With a troupe of acrobatic dancers who double as sinister, lithe and insectile demons, and a trio of ballet numbers there’s plenty to watch as well as listen to. David McVicar’s original production set in Paris during the Second Empire does very little to flesh out thinly drawn characters and this revival by Bruno Ravella seems to stick rather close to what is, after all, a much-loved production. The dancers echo the sordid decent into destitution with some genuinely creepy ballet and give a sombre terror to the death of Marguerite’s child.
This was an exercise in high camp done with a deftness of touch from conductor Ettinger which gives the music a serious emotional heft regardless of the sometimes daftness being played out on stage. Schrott’s Mephistopheles followed this lead giving us a gloriously tongue-in-cheek delight to his acting and allowing some humour to reflect off the glittering darkness of the narrative.

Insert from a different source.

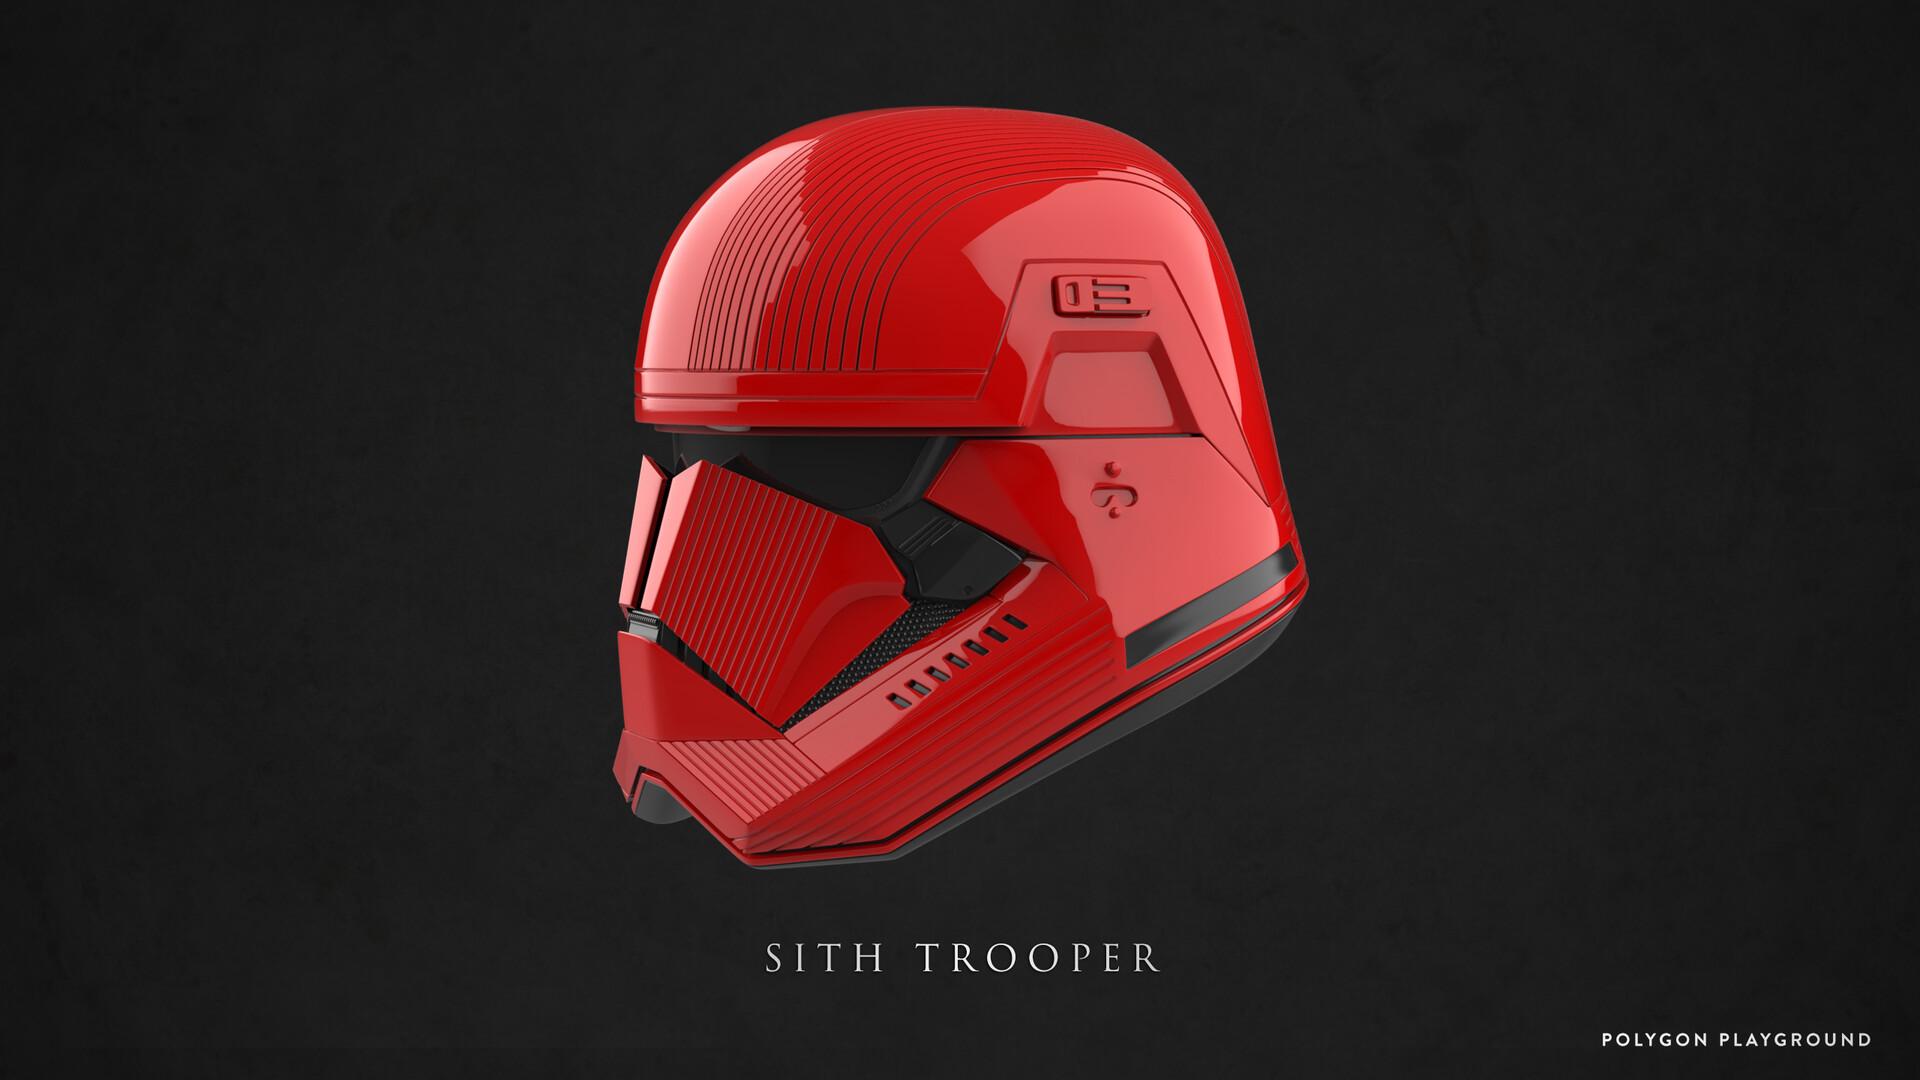 Sith Trooper Helmet, Calvin Kam

Standing surrounded by sensuous posed and gilded famous queens of history and decked out in a huge cape – before throwing it off and exposing himself glittering in an exquisite jet black rhinestoned ball gown, there was a hint of – dare I say it – Rocky Horror about Schrott’s divine and exquisite self-adoration in the role, rescuing it from serious interpretation, allowing his carefree wickedness to flood the stage.
Plays until May 6
Performances on April 15, 18, 25, 30, May 3 & 6.